• [Task brief]: Using the listing below, give again exactly the lines from the line with "Suzy and Tina - Cover" to the line with "Proud Brother of", inclusive, without the pictures.

• [Data records]:
____
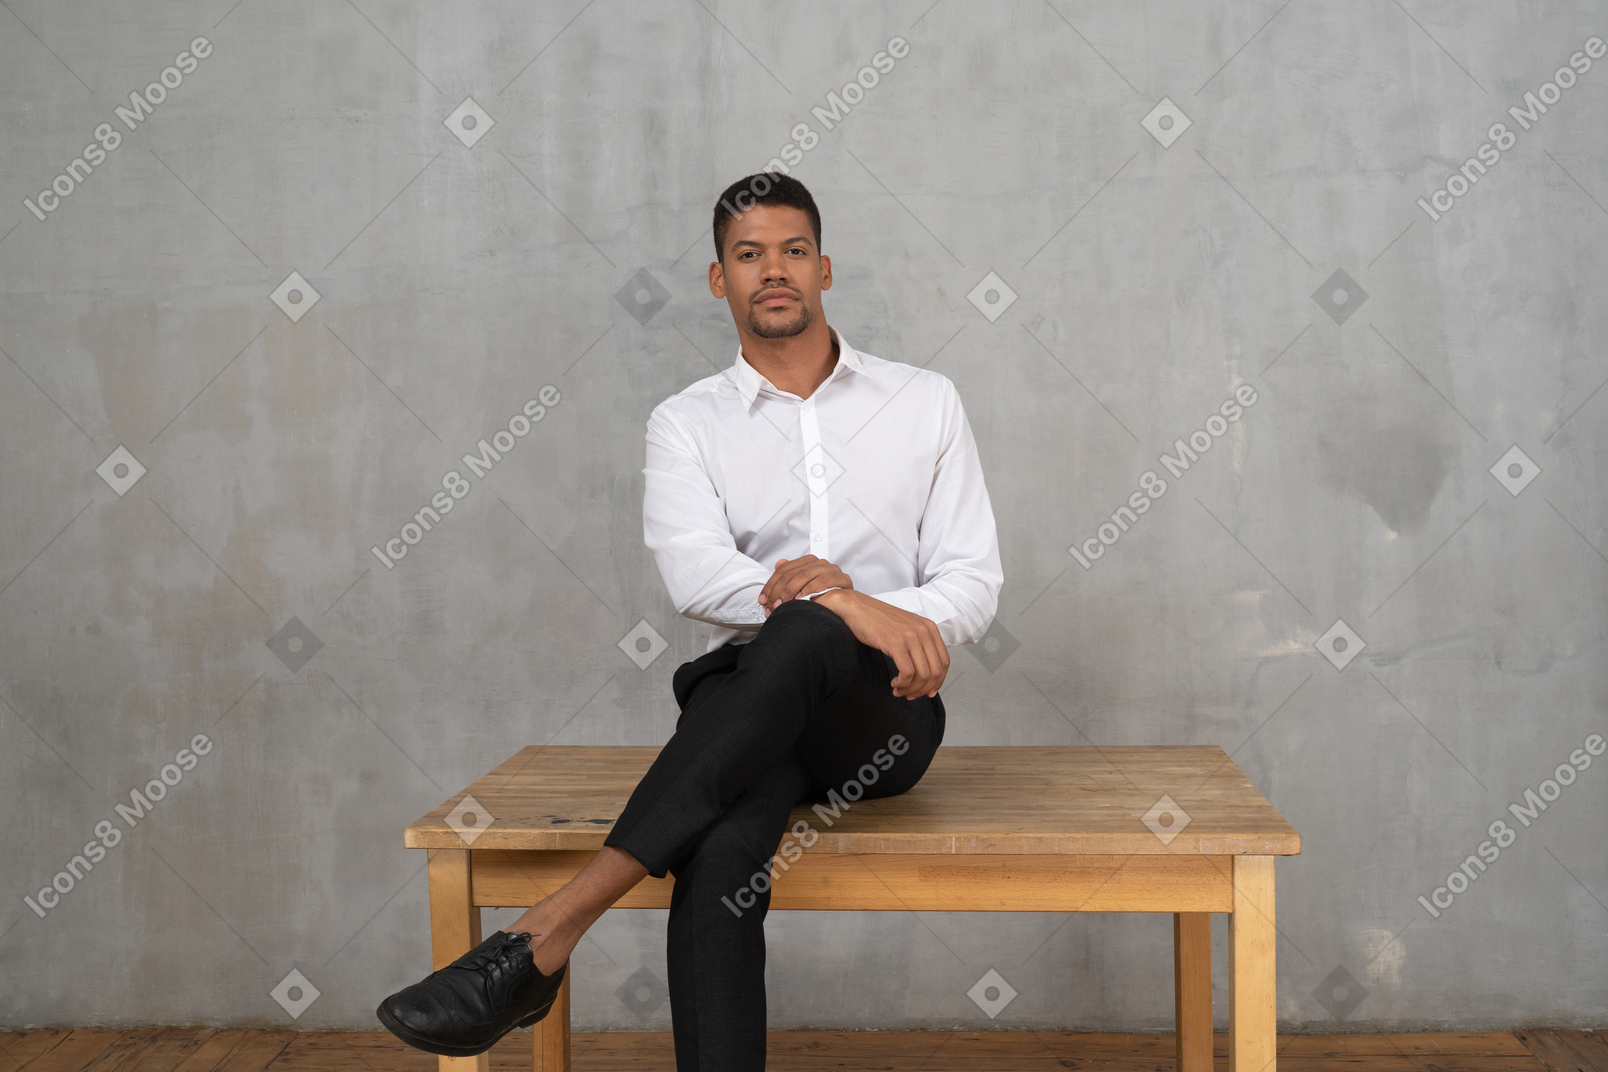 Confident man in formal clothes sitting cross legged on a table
____
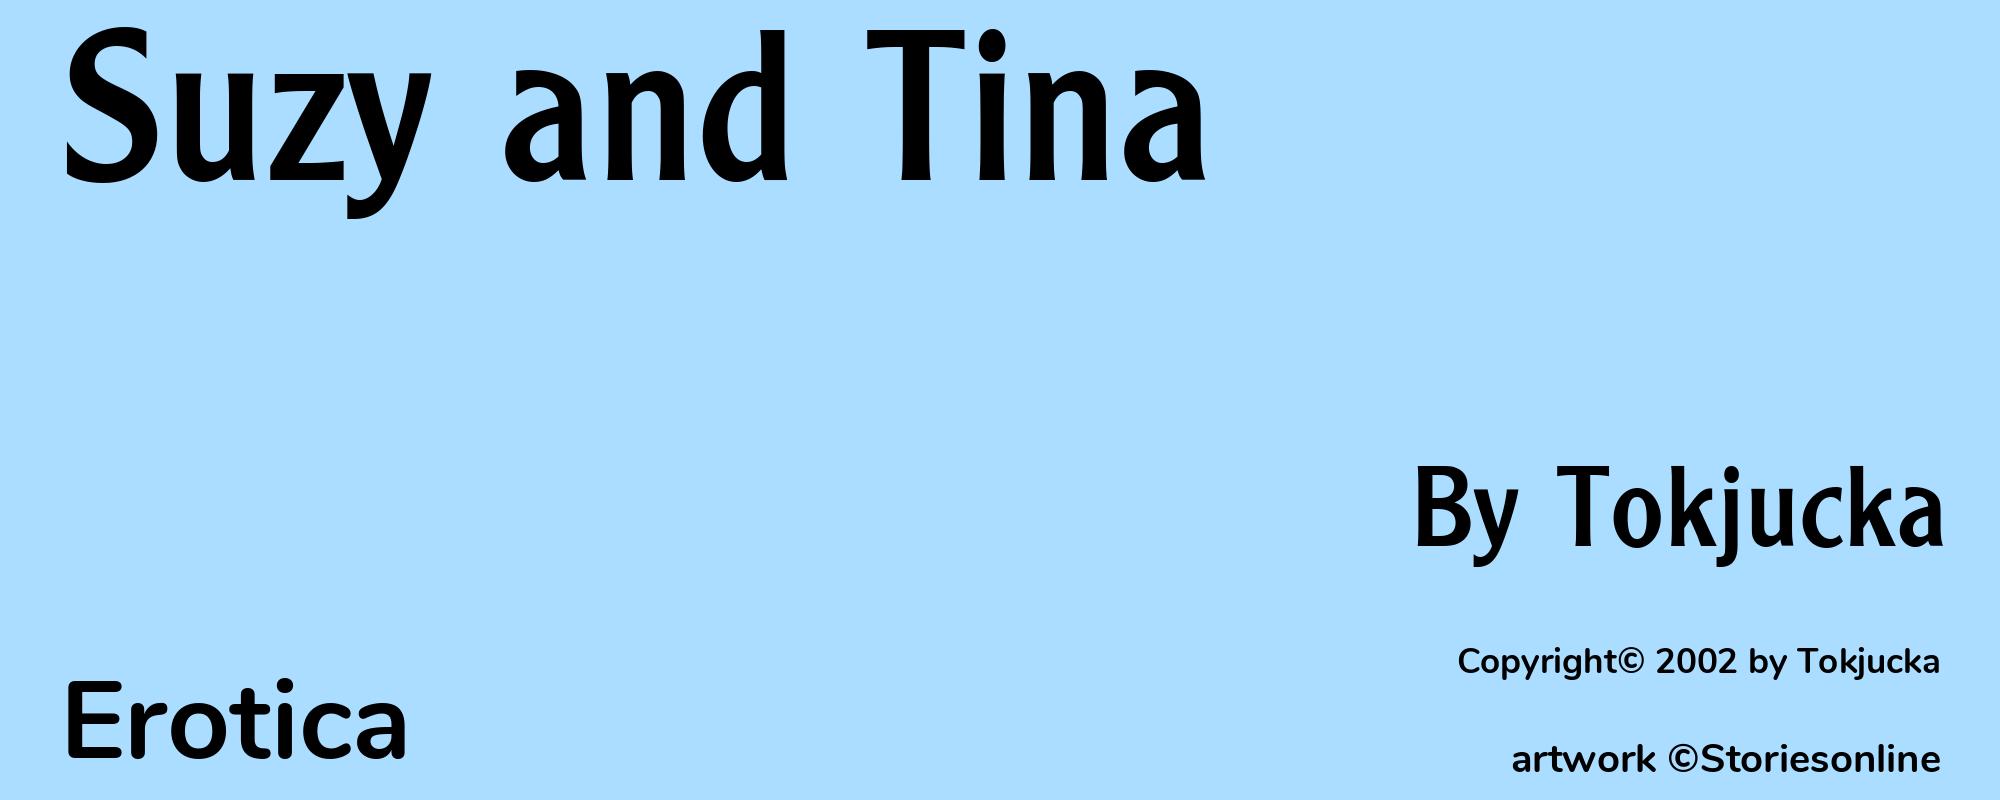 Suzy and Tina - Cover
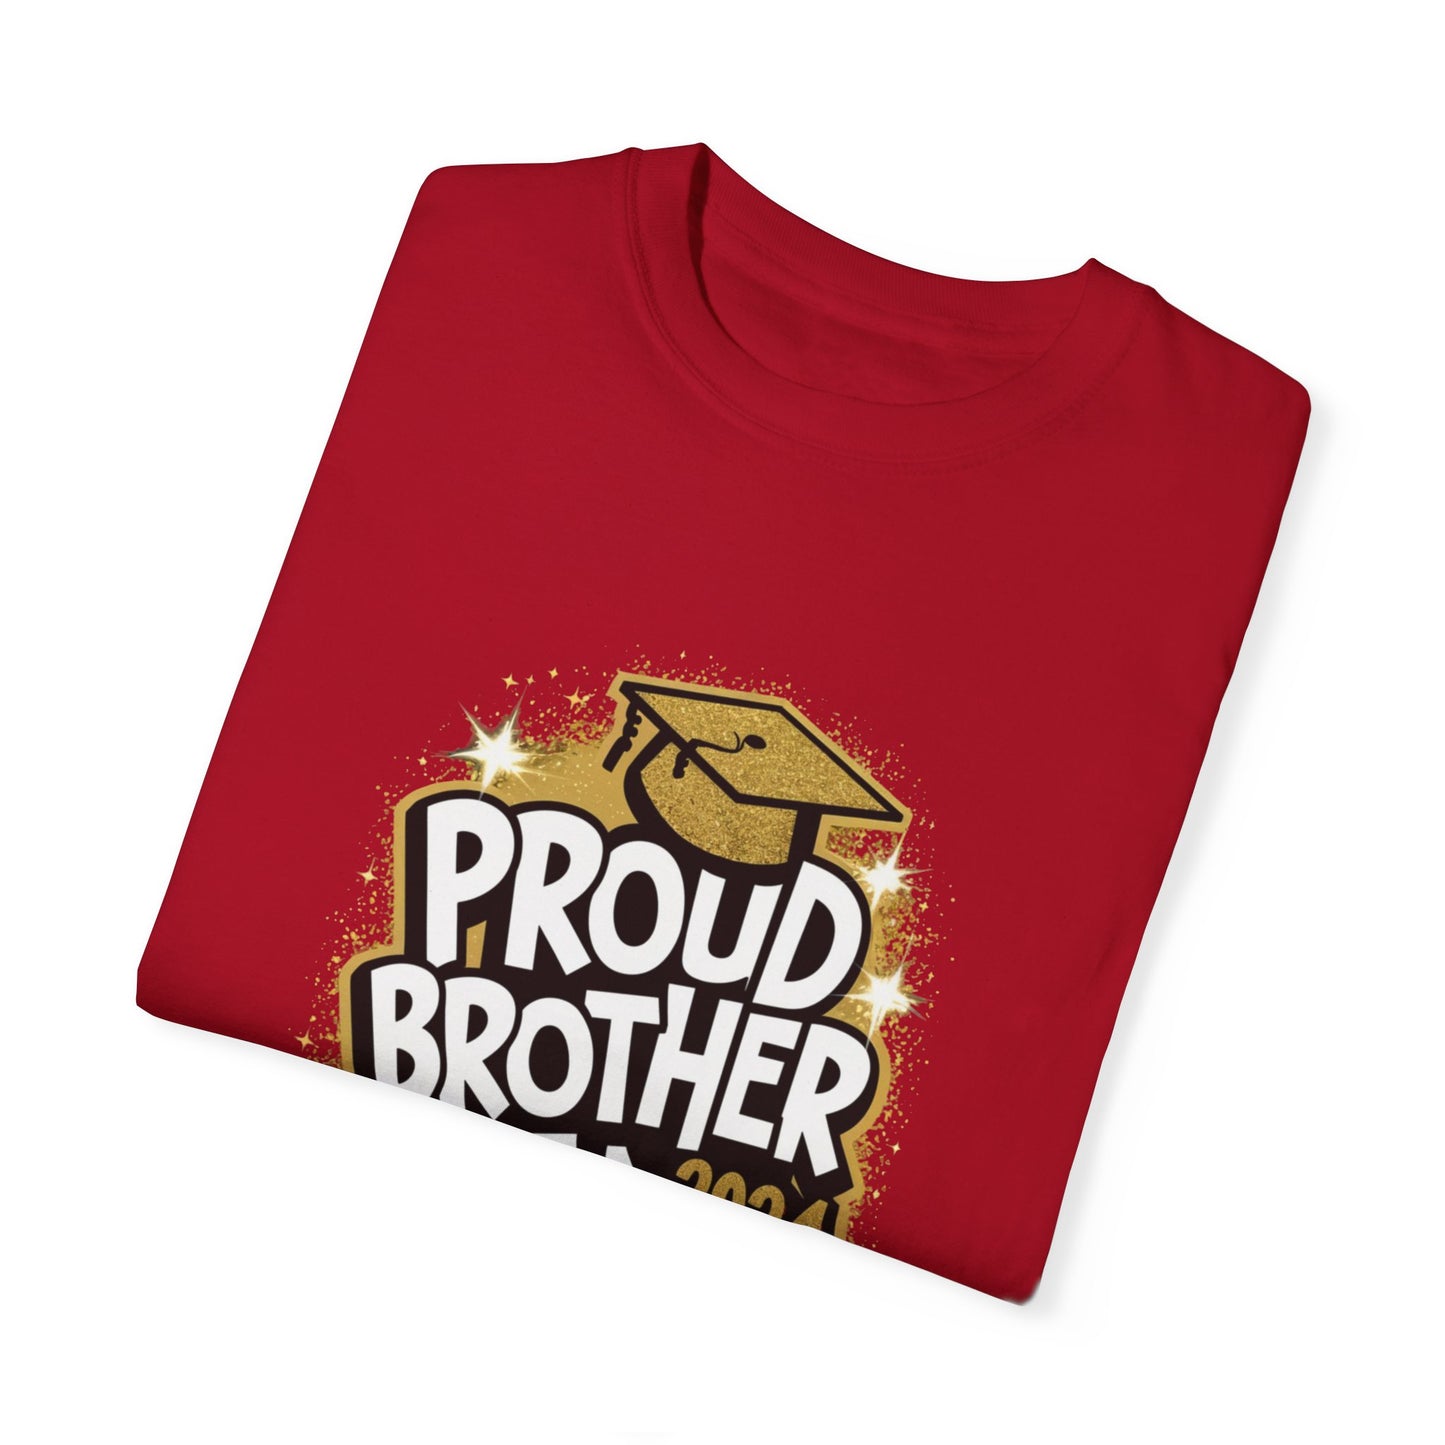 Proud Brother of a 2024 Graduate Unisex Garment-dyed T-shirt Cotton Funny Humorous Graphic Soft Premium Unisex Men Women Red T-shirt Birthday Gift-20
____
• [Written response]:
 Suzy and Tina - Cover
 Proud Brother of a 2024 Graduate Unisex Garment-dyed T-shirt Cotton Funny Humorous Graphic Soft Premium Unisex Men Women Red T-shirt Birthday Gift-20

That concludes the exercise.